▶ **Records for the task**:
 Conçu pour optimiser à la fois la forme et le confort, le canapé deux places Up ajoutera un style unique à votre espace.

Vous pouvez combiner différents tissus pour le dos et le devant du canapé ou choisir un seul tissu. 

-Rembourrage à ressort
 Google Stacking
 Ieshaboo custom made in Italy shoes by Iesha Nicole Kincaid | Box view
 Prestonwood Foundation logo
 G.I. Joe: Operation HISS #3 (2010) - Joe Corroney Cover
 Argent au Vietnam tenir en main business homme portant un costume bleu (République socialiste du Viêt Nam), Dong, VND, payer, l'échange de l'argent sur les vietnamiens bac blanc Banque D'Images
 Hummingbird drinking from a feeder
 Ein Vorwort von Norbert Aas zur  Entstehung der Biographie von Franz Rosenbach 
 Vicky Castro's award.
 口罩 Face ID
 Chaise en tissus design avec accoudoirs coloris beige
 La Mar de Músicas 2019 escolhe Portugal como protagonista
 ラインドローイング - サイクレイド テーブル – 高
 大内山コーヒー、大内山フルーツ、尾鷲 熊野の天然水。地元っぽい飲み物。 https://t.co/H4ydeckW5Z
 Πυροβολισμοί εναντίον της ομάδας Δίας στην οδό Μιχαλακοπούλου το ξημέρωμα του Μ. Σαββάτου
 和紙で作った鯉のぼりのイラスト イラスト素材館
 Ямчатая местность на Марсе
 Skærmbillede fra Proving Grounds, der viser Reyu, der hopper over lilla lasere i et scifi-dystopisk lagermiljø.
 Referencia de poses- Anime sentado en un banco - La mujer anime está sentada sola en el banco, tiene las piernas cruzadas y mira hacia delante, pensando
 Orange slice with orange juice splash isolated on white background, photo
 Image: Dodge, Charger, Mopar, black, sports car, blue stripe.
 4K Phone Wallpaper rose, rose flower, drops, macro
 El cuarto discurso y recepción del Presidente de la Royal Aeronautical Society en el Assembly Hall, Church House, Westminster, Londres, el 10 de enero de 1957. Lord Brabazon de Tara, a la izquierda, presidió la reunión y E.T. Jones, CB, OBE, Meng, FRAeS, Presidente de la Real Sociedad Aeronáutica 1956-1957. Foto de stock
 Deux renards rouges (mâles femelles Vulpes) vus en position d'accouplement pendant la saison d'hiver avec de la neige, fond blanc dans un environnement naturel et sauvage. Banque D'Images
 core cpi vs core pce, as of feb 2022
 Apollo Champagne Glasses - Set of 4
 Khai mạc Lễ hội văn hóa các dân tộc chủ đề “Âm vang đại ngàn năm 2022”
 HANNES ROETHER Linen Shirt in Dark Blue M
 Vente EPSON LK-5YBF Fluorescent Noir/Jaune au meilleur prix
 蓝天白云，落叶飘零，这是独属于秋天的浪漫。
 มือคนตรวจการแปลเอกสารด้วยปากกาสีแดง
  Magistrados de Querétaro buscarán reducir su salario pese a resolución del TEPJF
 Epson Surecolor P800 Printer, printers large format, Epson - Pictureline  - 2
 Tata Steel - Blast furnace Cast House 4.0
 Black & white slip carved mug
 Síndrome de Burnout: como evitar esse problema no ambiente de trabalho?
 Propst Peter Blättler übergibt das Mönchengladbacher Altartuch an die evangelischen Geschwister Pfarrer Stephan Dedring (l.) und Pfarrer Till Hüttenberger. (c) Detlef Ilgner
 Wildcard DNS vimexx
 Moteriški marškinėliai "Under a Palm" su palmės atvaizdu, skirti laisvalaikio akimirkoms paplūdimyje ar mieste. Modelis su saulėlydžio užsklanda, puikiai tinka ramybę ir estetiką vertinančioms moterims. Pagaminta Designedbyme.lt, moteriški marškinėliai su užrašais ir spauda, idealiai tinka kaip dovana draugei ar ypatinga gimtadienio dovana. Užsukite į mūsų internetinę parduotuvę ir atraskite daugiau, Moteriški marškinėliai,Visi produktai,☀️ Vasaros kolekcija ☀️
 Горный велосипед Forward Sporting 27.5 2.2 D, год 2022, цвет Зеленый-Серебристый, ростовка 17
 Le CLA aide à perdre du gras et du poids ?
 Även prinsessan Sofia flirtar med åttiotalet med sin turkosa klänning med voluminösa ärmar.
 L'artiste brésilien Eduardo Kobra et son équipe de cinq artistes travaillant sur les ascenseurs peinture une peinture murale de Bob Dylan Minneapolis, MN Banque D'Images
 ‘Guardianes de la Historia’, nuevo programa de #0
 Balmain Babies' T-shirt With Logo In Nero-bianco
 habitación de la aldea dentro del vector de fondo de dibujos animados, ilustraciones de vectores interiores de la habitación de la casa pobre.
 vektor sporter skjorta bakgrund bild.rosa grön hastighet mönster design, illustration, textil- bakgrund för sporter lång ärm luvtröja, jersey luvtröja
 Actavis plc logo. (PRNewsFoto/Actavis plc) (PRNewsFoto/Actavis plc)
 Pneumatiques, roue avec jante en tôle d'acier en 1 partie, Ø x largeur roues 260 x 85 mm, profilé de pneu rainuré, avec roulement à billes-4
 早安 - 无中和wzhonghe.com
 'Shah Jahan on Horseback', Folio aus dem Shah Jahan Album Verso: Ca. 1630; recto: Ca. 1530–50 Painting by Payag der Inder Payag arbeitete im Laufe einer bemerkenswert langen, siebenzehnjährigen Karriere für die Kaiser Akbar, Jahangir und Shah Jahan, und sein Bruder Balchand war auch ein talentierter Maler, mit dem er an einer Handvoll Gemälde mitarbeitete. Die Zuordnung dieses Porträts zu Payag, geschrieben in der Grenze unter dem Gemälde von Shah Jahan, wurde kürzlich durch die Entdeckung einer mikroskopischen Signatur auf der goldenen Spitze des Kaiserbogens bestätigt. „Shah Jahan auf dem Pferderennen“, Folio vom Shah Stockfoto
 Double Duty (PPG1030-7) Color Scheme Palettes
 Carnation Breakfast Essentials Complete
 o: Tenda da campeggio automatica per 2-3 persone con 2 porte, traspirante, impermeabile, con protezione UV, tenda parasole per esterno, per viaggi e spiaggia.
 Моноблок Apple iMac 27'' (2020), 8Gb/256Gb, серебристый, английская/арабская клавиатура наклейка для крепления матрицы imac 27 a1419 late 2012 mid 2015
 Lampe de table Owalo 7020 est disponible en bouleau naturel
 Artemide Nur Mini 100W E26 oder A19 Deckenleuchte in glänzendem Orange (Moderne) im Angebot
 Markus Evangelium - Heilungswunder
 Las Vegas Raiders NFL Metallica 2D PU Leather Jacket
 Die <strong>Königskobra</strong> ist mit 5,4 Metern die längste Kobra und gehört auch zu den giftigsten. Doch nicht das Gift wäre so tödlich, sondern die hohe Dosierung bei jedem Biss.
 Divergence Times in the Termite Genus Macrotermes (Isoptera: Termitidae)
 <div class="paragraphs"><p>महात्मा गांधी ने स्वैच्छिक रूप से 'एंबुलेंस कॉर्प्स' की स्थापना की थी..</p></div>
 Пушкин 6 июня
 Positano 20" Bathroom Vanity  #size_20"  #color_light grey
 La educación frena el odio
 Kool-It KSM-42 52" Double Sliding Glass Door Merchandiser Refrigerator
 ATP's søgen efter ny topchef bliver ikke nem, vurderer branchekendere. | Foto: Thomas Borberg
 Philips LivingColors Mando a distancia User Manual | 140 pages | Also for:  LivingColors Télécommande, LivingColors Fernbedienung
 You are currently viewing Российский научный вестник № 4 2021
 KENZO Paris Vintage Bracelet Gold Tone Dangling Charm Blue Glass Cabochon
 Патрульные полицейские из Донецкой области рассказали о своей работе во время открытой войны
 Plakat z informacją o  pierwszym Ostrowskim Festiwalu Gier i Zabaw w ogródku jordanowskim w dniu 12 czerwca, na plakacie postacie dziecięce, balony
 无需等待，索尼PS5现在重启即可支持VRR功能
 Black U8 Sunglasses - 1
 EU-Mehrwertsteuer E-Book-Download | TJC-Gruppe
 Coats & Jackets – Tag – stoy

▶ **Work order**: Given the records above, restate word for word only the lines starting at the one with "Google Stacking" and ending at the one with "G.I. Joe: Operation".

▶ **Expected output**:
 Google Stacking
 Ieshaboo custom made in Italy shoes by Iesha Nicole Kincaid | Box view
 Prestonwood Foundation logo
 G.I. Joe: Operation HISS #3 (2010) - Joe Corroney Cover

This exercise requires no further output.